Challenges and Difficulties Encountered

There are challenges in learning anything new and challenges shows the progress. This project taught and refreshed my excel skill. The challenges that I faced during this project are:

  • Filtering the pivot charts inorder to get the right data displayed on chart.

  • Applying the formulas and double check the results by filtering the results. The above-mentioned points were tedious and little challenging as took a back-and-forth approach.

Results

What are two conclusions you can draw about the Outcomes based on Launch Date?

  1. The number of Successful events is greater than the number of the failed events which makes the overall project successful.
  2. The month May has highest number of events occurred.

What can you conclude about the Outcomes based on Goals?

  1. The number of the canceled events are very low that it doesn’t affect the overall outcome.
  2. At range from 450000 to 44999 the failed percentage hit the maximum and successful percentage is minimum.

What are some limitations of this dataset?

  • The amounts are in dollars however when it comes to currency conversion it limits the data at this point.

  • The reason of making the events successful / failed / canceled is not mentioned and limits the ability to analyze the reason behind them.
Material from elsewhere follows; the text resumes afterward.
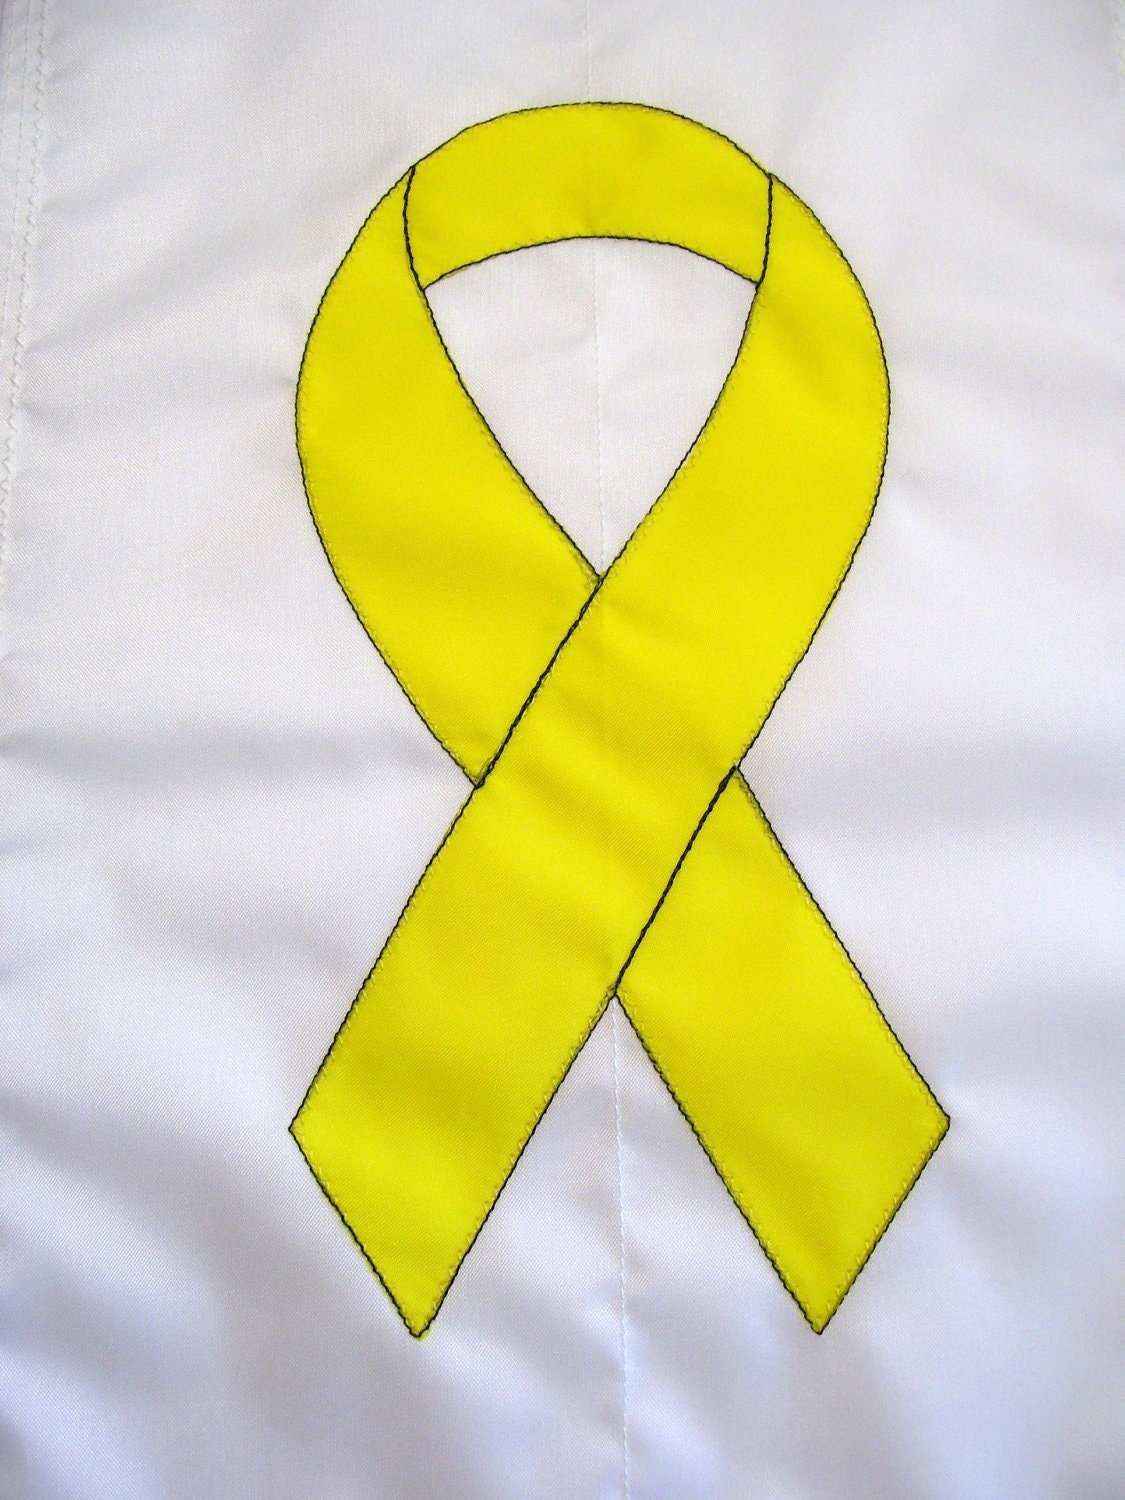 Yellow Ribbon Military Support 12 inch by 18 inch Garden Flag

What are some other possible tables and/or graphs that we could create?

    The possible tables:
    The pledged column can be used instead of the goal column. Also, Can filter according the country data as well.

    The possible graphs:
    The column chart, Pie, Bar, Box & Whisker etc. can be done as graphical representation.

About

Louise’s play Fever is near to its fundraising goal in a less amount of time. She like to have an analysis of the different campaigns fared in respect to their launch dates and their funding goals. This project is about using the data that been gathered and analysing-visualizing the campaign outcome. The key factors that we used to analyze the events are based on their launch dates and funding goals.